There is this relevant excerpt from Teoxon v. Member of the Board of Administrators: 35 “1. The
recognition of the power of administrative officials to promulgate rules in the implementation of
the statute, necessarily limited to what is provided for in the legislative enactment, may be found
in the early case of United States v. Barrias decided in 1908. Then came, in a 1914 decision,
United States v. Tupasi Molina, a delineation of the scope of such competence. Thus: ‘Of course
the regulations adopted under legislative authority by a particular department must be in
harmony with the provisions of the law, and for the sole purpose of carrying into effect its general
provisions. By such regulations, of course, the law itself can not be extended. So long, however,
as the regulations relate solely to carrying into effect the provisions of the law, they are valid.’ In
1936, in People v. Santos, this Court expressed its disapproval of an administrative order that
would amount to an excess of the regulatory power vested in an administrative official. We
reaffirmed such a doctrine in a 1951 decision, where we again made clear that where an
administrative order betrays inconsistency or repugnancy to the provisions of the Act, ‘the
mandate of the Act must prevail and must be followed.’ Justice Barrera, speaking for the Court in
Victorias Milling Company, Inc. v. Social Security Commission, citing Parker as well as Davis did
tersely sum up the matter thus: ‘A rule is binding on tile courts so long as the procedure fixed for
its promulgation is followed and its scope is within the statutory granted by the legislature, even
if the courts are not in agreement with the policy stated therein or its innate wisdom * * *. On the
other hand, administrative interpretation of the law is at best merely advisory, for it is the courts
that finally determine what the law means.’ It cannot be otherwise as the Constitution limits the
authority of the President, in whom all executive power resides, to take care that the laws be
faithfully executed. No lesser administrative executive office or agency then can, contrary to the
express language of the Constitution, assert for itself a more extensive prerogative.” 36 It was
alleged in the Answer of Solicitor General Estelito P. Mendoza that Letter of Instruction 869 and
Memorandum Circular No. 39 were adopted pursuant to the Land Transportation and Traffic Code.
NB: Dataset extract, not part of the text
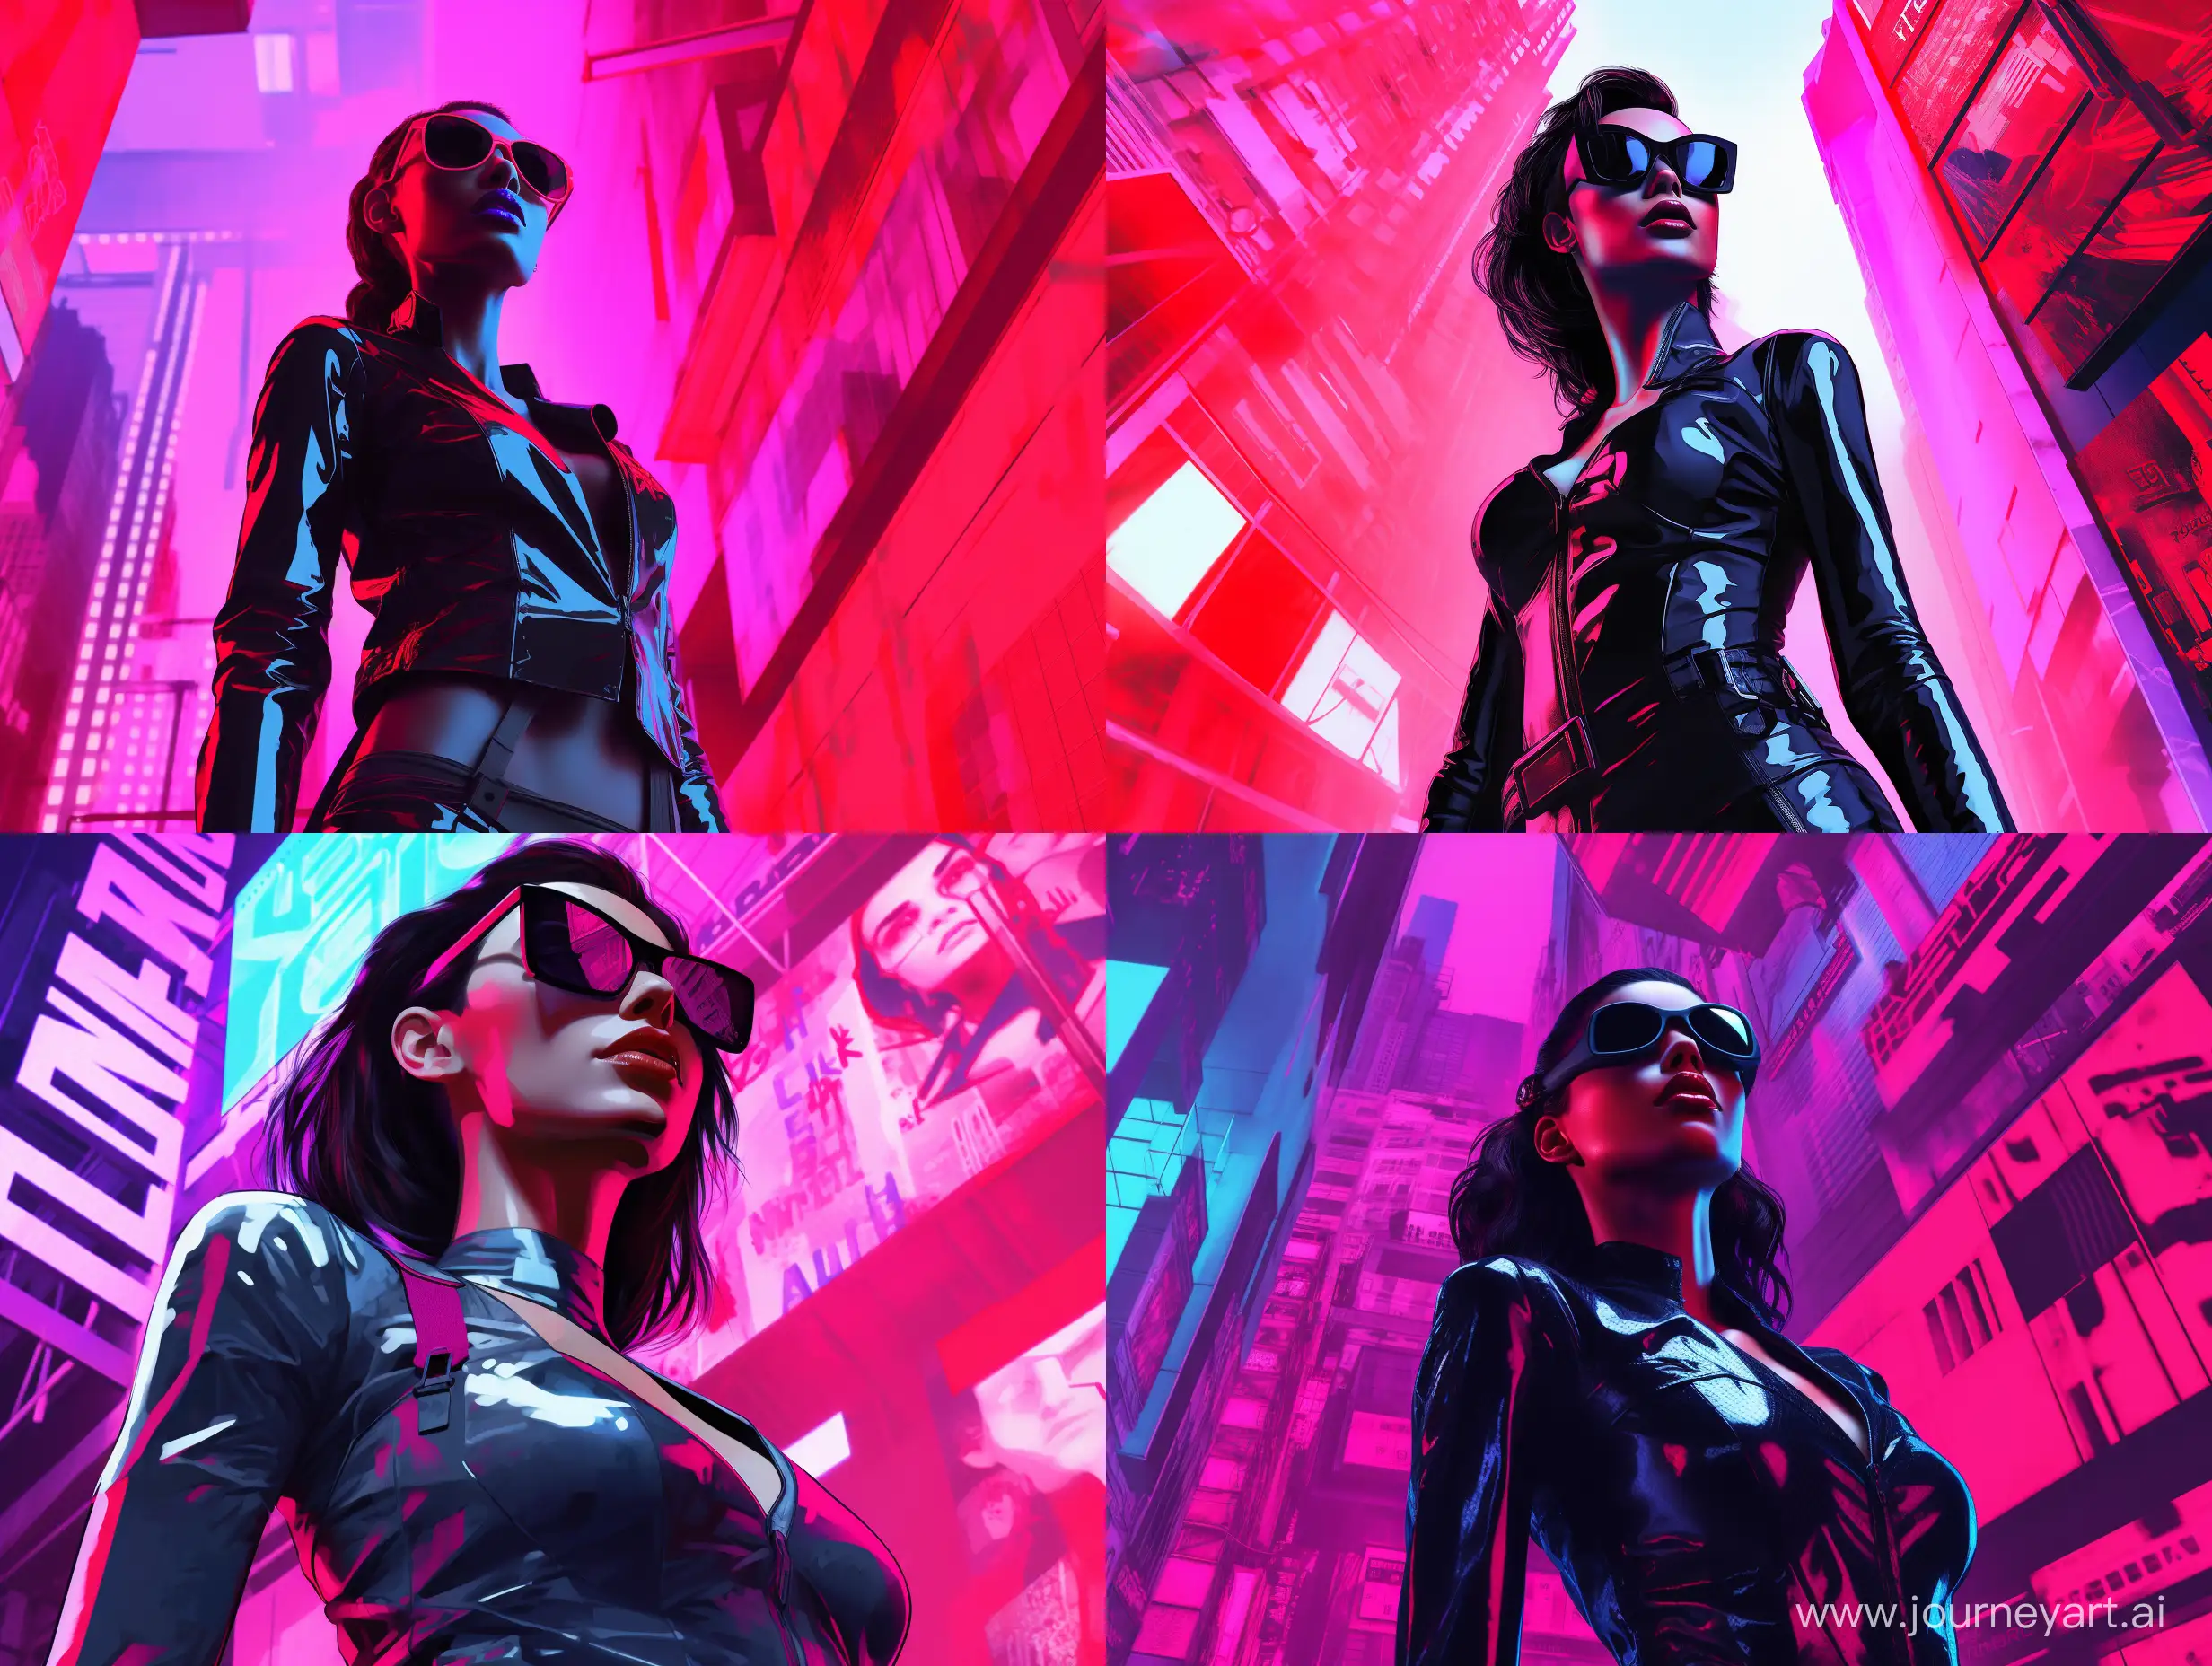 Futuristic-Cyberpunk-City-Model-Pose-with-Neon-Lights-Synthwave-Art

37 It contains a specific provision as to penalties. 38 Thus: “For violation of any provisions of this
Act or regulations promulgated pursuant hereto, not hereinbefore specifically punished, a fine of
not less than ten nor more than fifty pesos shall be imposed.” 39 Memorandum Circular No. 39
cannot be held to be ultra vires as long as the fine imposed is not less than ten nor more than
fifty pesos. As to suspension of registration, 40 the Code, insofar as applicable, provides:
“Whenever it shall appear from the records of the Commission that during any twelve-month
period more than three warnings for violations of this Act have been given to the owner of a
motor vehicle, or that the said owner has been convicted by a competent court more than once
for violation of such laws, the Commissioner may, in his discretion, suspend the certificate of
registration for a period not exceeding ninety days and, thereupon, shall require the immediate
surrender of the number plates * * *.” 41 It follows that while the imposition of a fine or the
suspension of registration under the conditions therein set forth is valid under the Land
Transportation and Traffic Code, the impounding of a vehicle finds no statutory justification. To
apply that portion of Memorandum Circular No. 39 would be ultra vires. It must likewise be made
clear that a penalty even if warranted can only be imposed in accordance with the procedure
required by law. 42
WHEREFORE, the petition is dismissed.
Aquino, Guerrero, De Castro, Melencio-Herrera, Escolin, Relova and Gutierrez, Jr., JJ., concur.
Makasiar and Concepcion J., took no part.